Gli e-fuel, ricordiamo, sono idrocarburi sintetici prodotti a partire da idrogeno e CO2 attraverso una complessa reazione chimica, nota come power-to-liquid.

In pratica, per produrre un e-fuel neutrale in termini di emissioni di CO2, si deve utilizzare energia elettrica 100% rinnovabile per alimentare degli elettrolizzatori.

Dagli elettrolizzatori si ricava idrogeno, che va combinato con CO2 o altre molecole per sintetizzare idrocarburi liquidi-gassosi (come e-diesel, e-metano), in grado di sostituire i carburanti fossili tradizionali; la “e” significa che il carburante proviene da processi elettrolitici.

Il problema, evidenzia Gimbert nella sua analisi, è che la tecnologia power-to-liquid non si è ancora sviluppata a livello commerciale: rimane molto costosa e i primi grandi impianti industriali non arriverebbero prima del 2025 secondo le proiezioni di Concawe.

Poi gli e-fuel sono assai poco efficienti, se paragonati con le auto elettriche. Difatti, per produrre un carburante sintetico bisogna impiegare molta più energia elettrica di quella consumata per ricaricare le batterie delle vetture alla spina.
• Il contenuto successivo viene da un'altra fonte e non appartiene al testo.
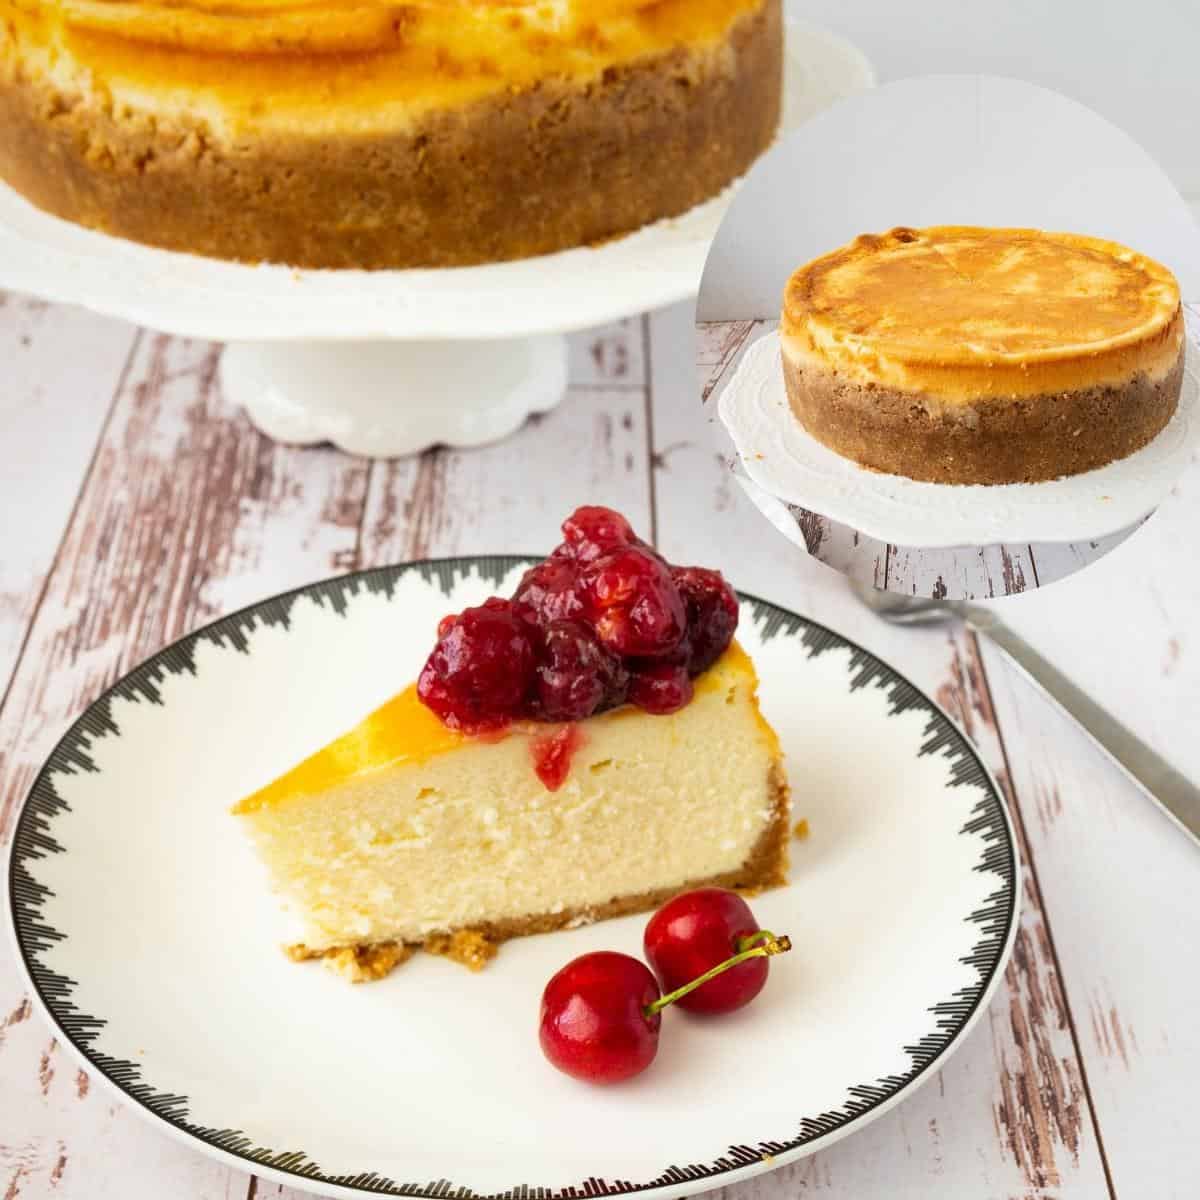 Cherry Cheesecake – Baked

Secondo TE, le auto elettriche possono percorrere 5-6 volte più chilometri di analoghi modelli alimentati con e-fuel, a partire dalla stessa quantità di energia elettrica rinnovabile (si veda anche La falsa promessa di sostituire gas e petrolio con carburanti derivati dall’idrogeno).

In definitiva, Gimbert afferma che Bruxelles non dovrebbe concedere alcuna deroga per gli e-fuel, come chiesto da molte industrie del settore automotive. Questi carburanti, precisa il report TE, non devono essere contati ai fini degli obiettivi per ridurre la CO2 delle auto.

Peraltro, è bene ricordare che alcuni test di laboratorio eseguiti dalla stessa TE mostrano che i carburanti sintetici inquinano al pari di benzina e gasolio “normali”, per quanto riguarda gli ossidi di azoto.

Idrogeno e altri carburanti da esso derivati andrebbero usati solo nei segmenti più difficili da elettrifcare direttamente, come  i trasporti pesanti e le industrie energivore.